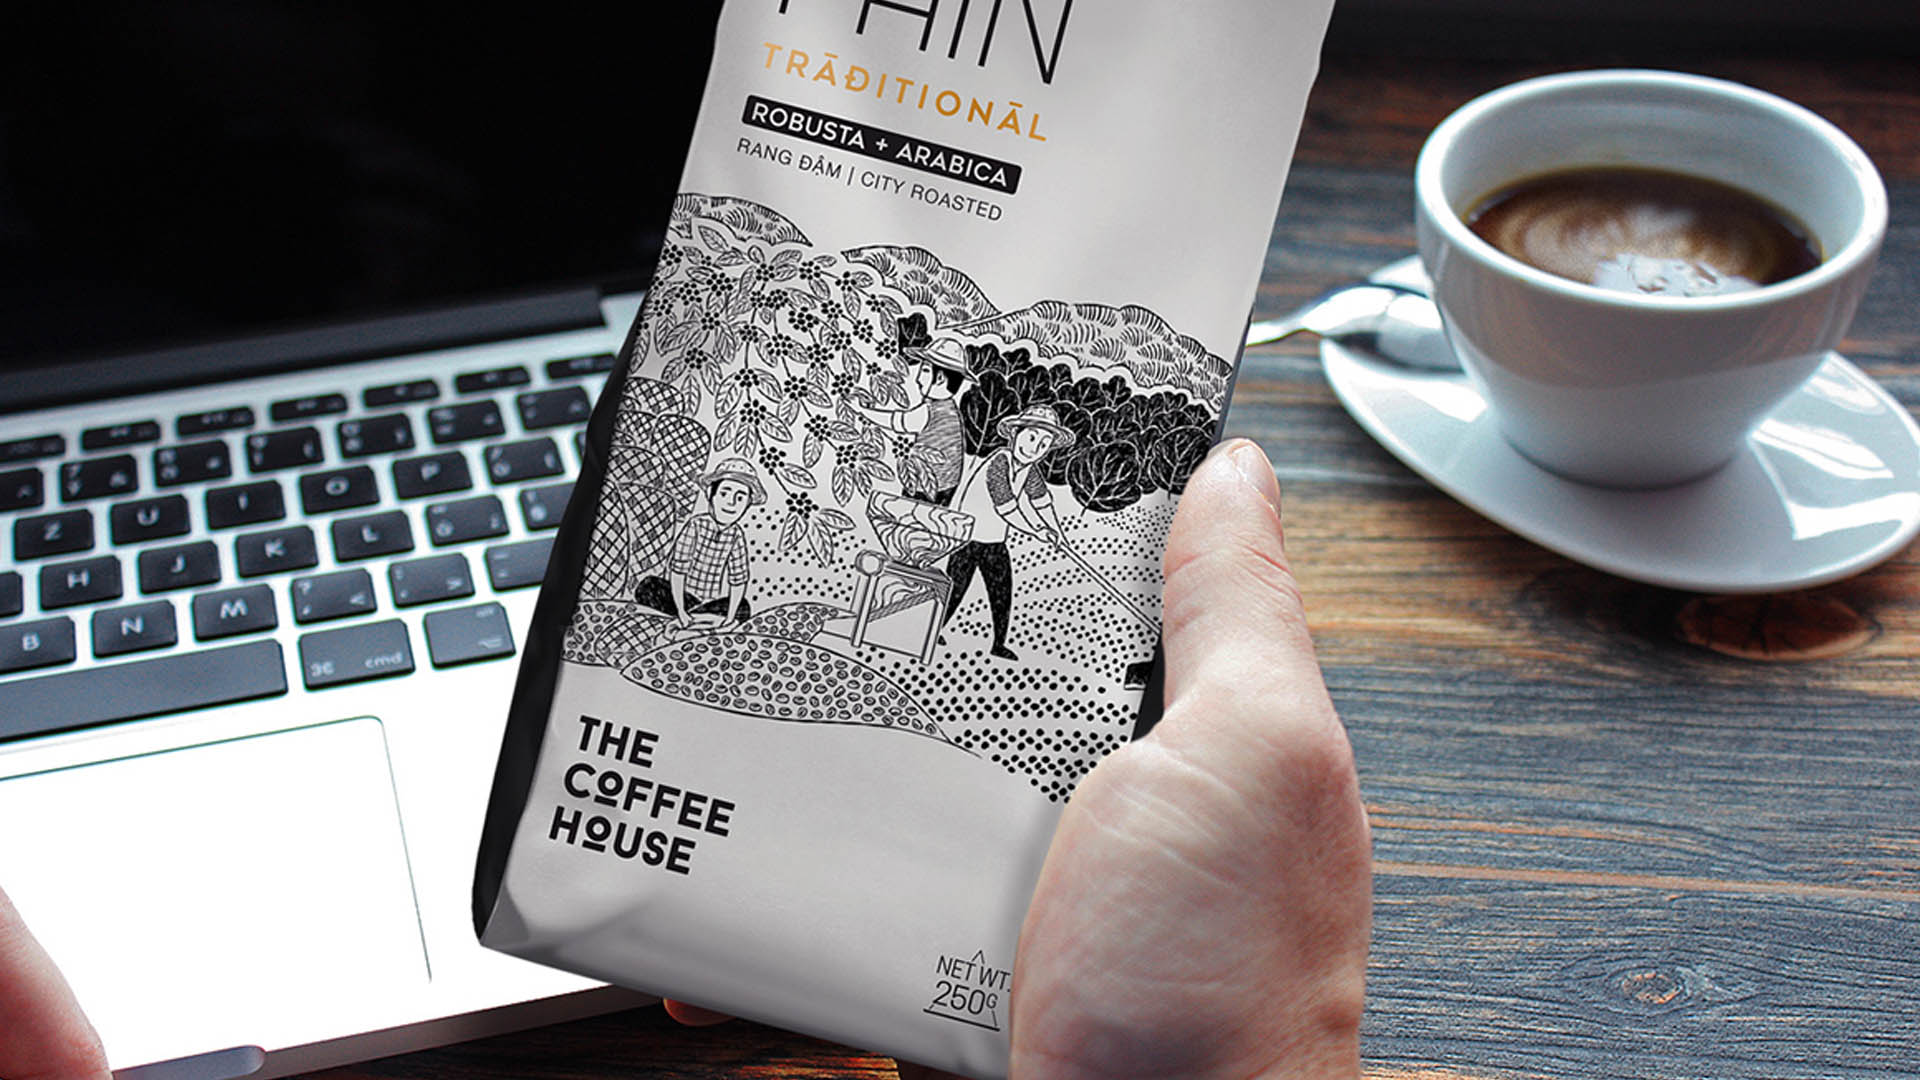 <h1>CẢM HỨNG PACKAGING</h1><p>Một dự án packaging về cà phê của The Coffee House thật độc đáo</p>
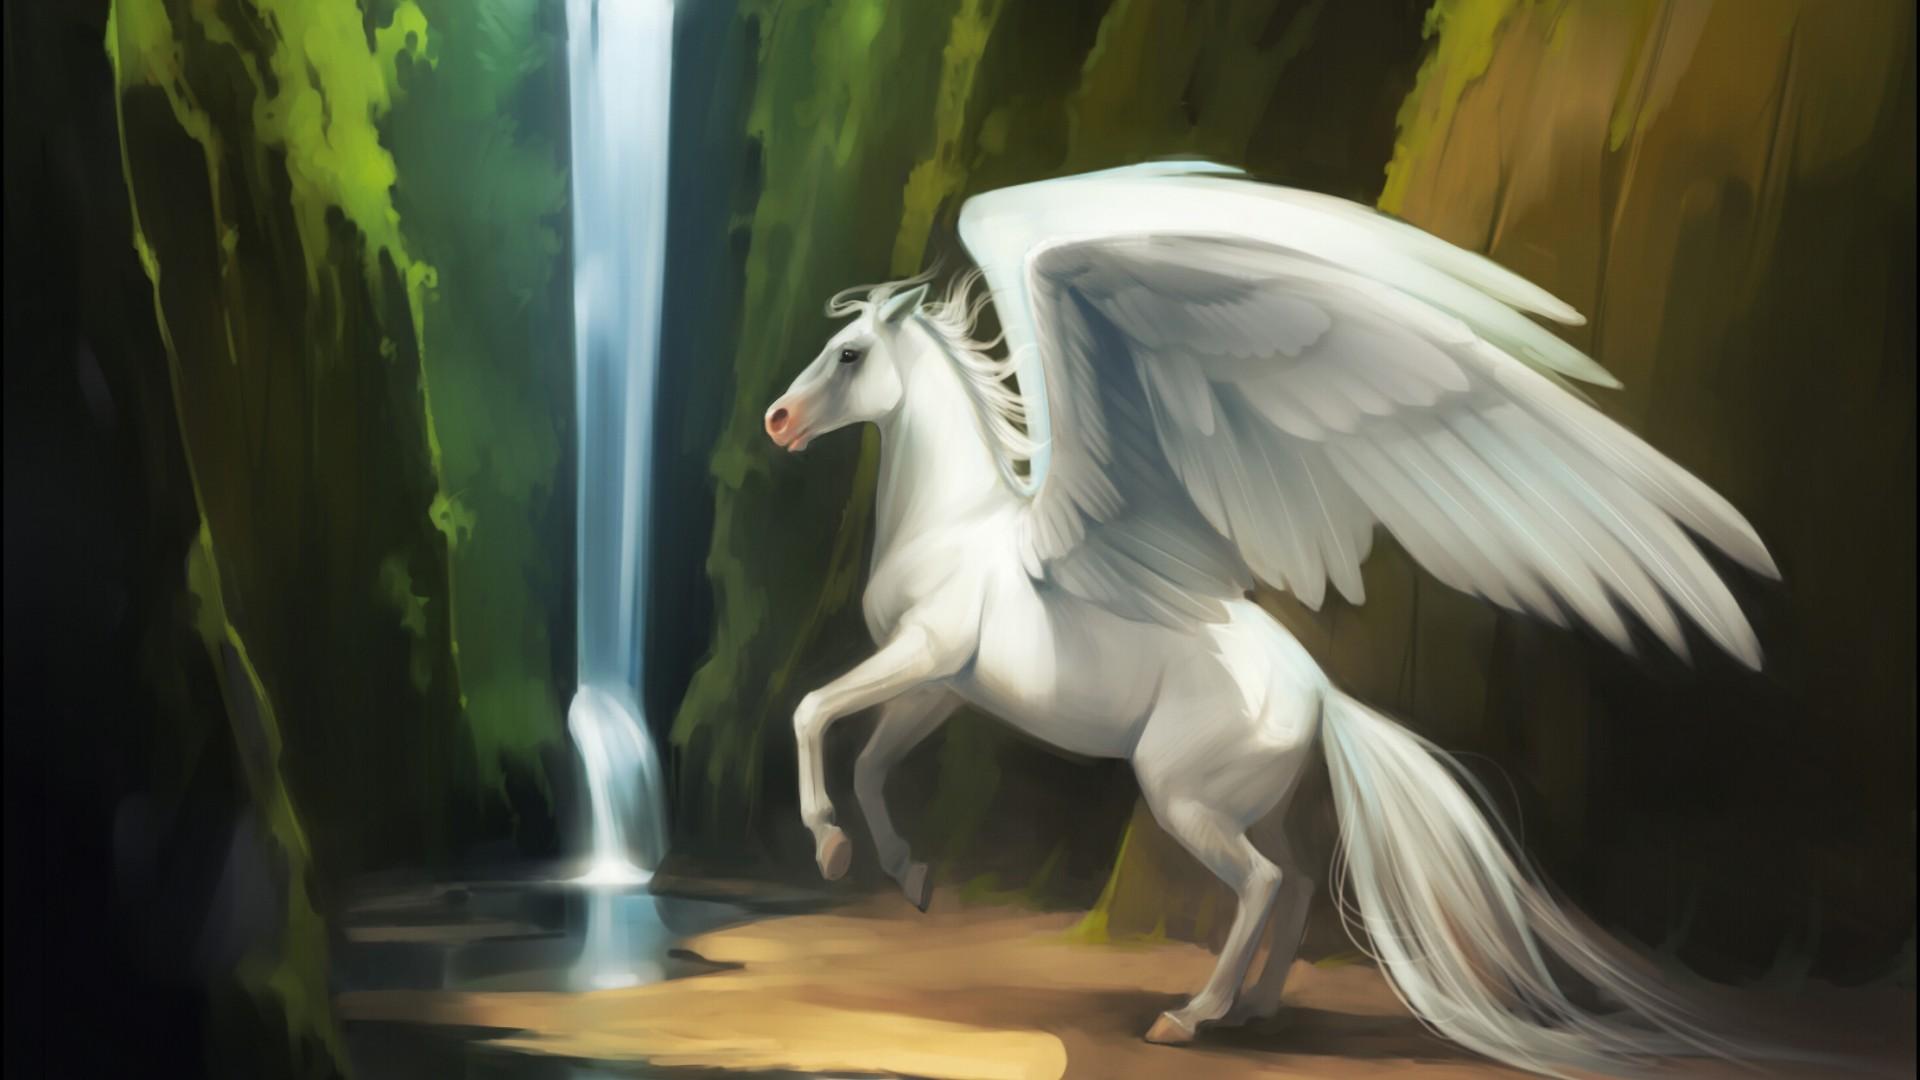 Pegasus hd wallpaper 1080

====================

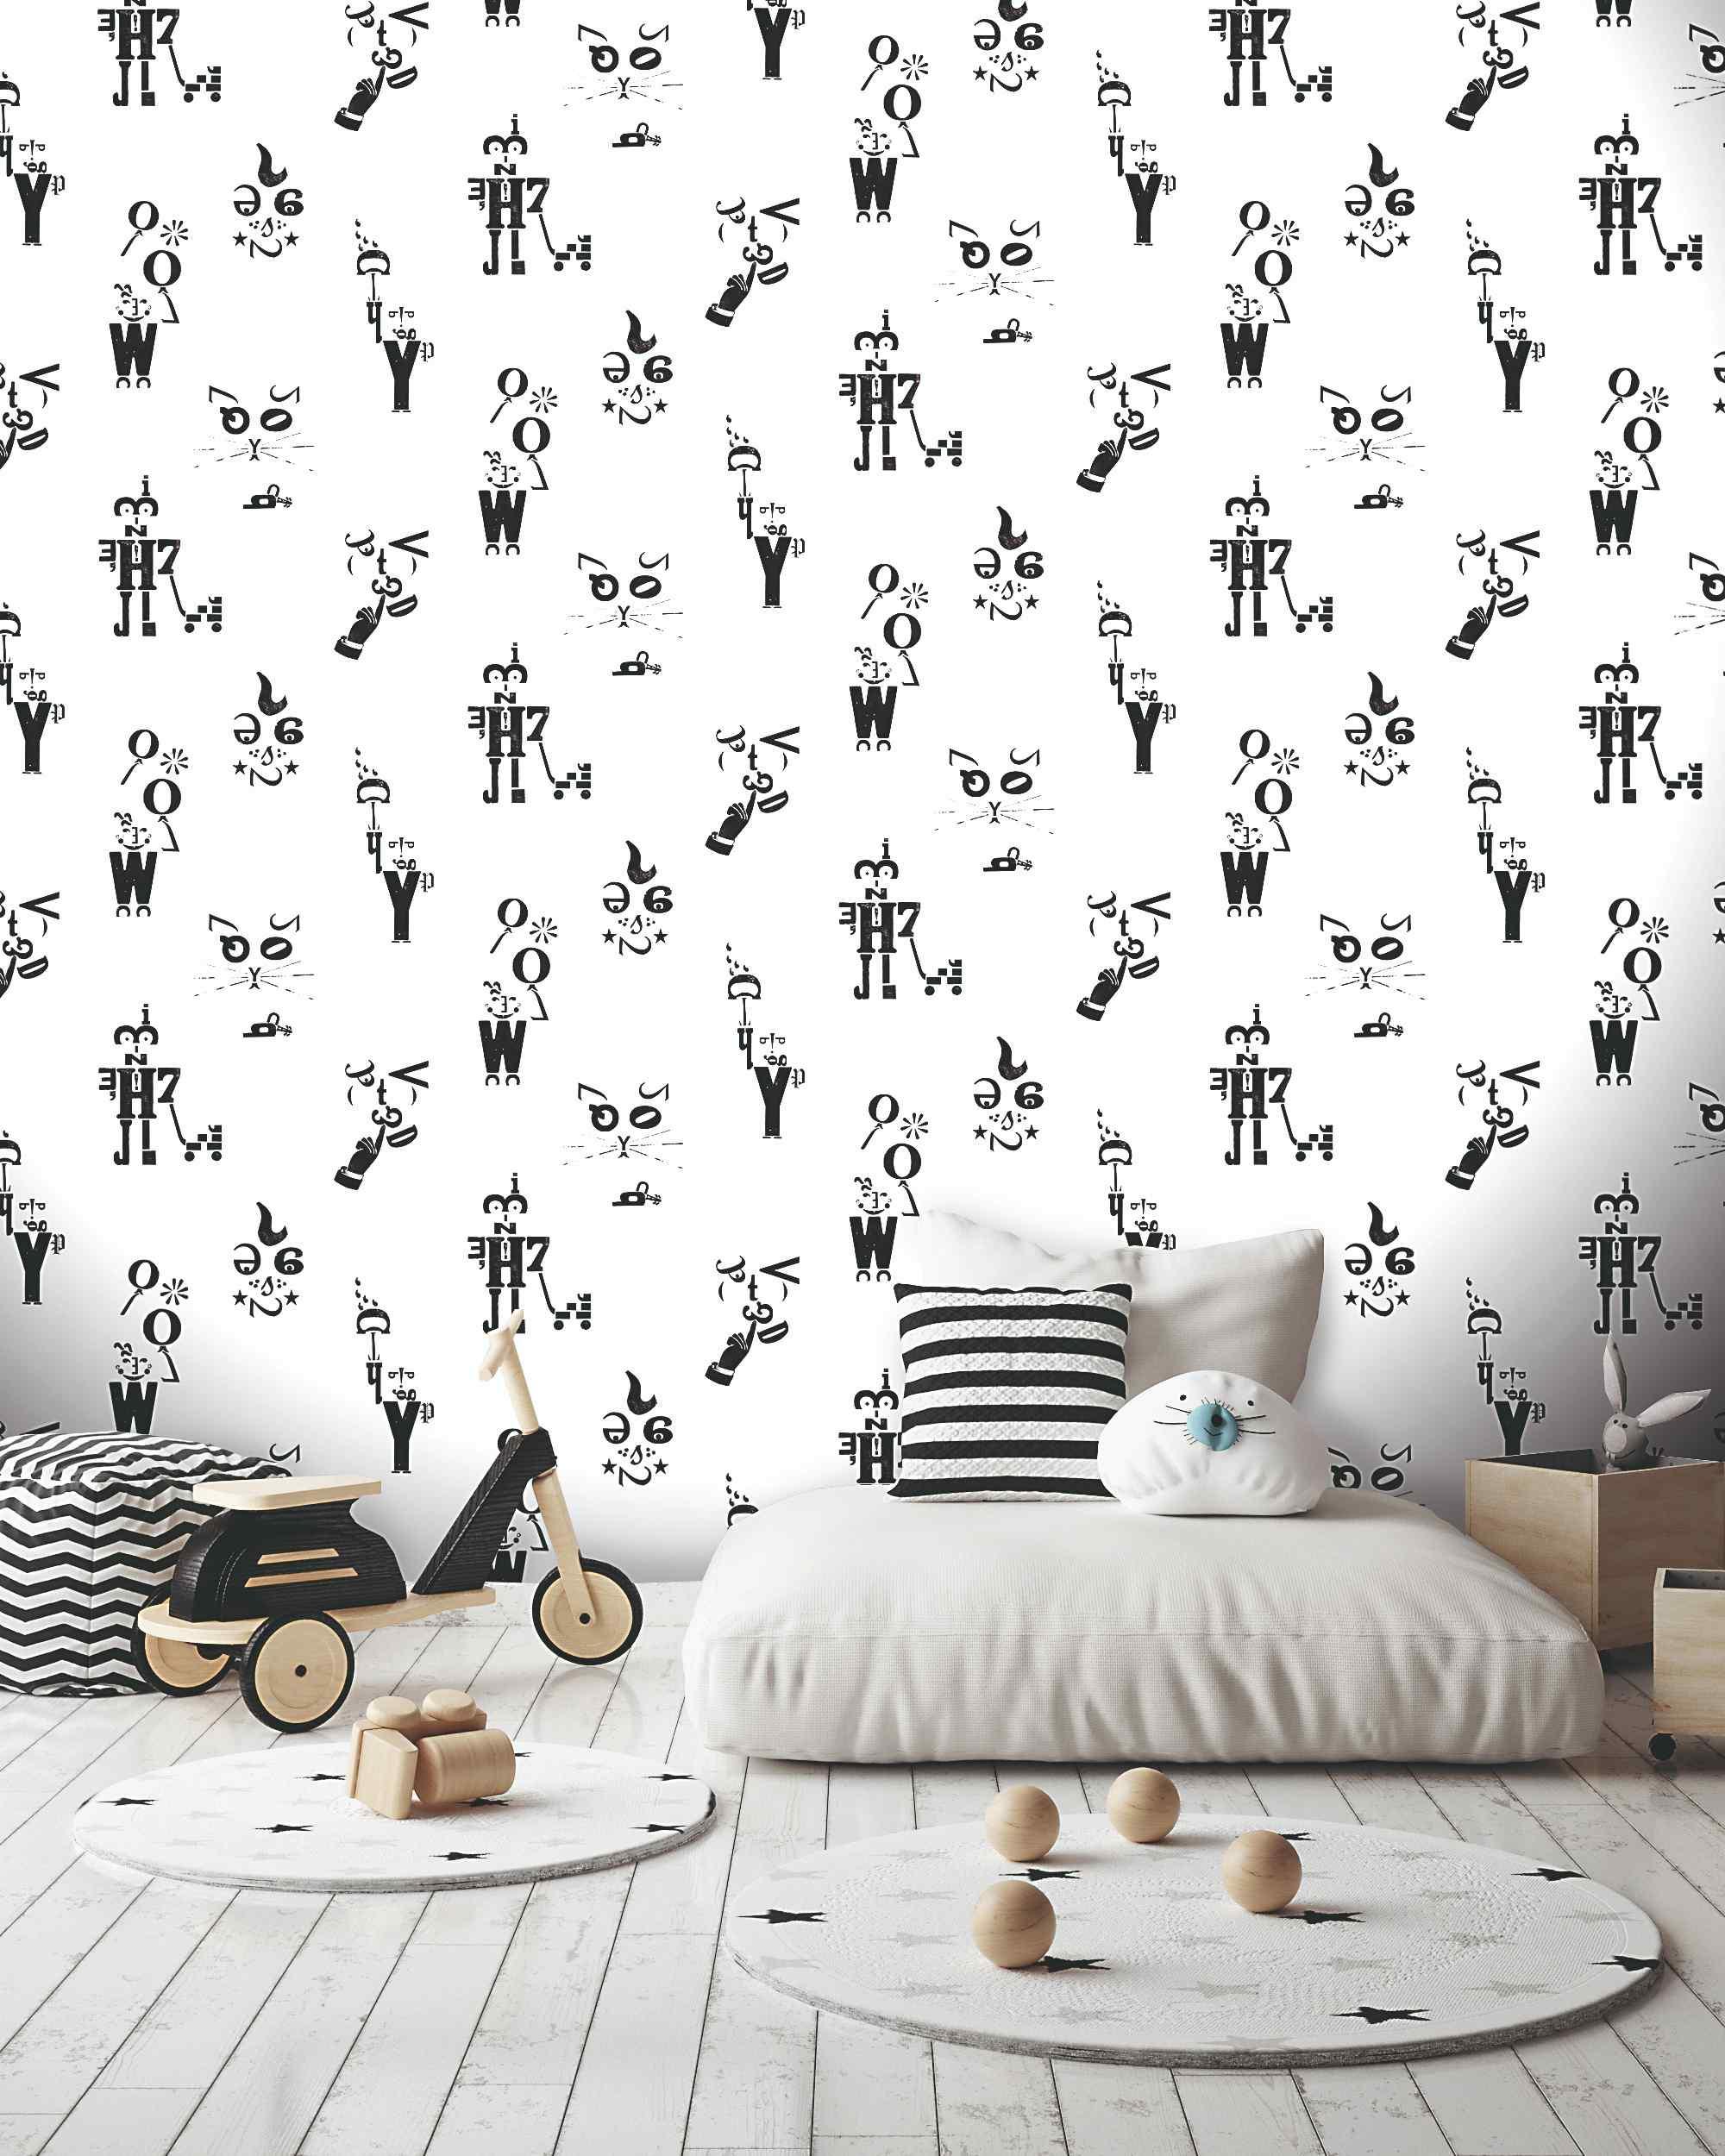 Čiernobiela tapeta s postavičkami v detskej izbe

====================

• Work required
Copy word for word the span of the records above that begins at the line with "<h1>CẢM HỨNG PACKAGING</h1><p>Một" and ends at the line with "Pegasus hd wallpaper 1080", including those two lines but not the pictures.

• Reply
 <h1>CẢM HỨNG PACKAGING</h1><p>Một dự án packaging về cà phê của The Coffee House thật độc đáo</p>
 Pegasus hd wallpaper 1080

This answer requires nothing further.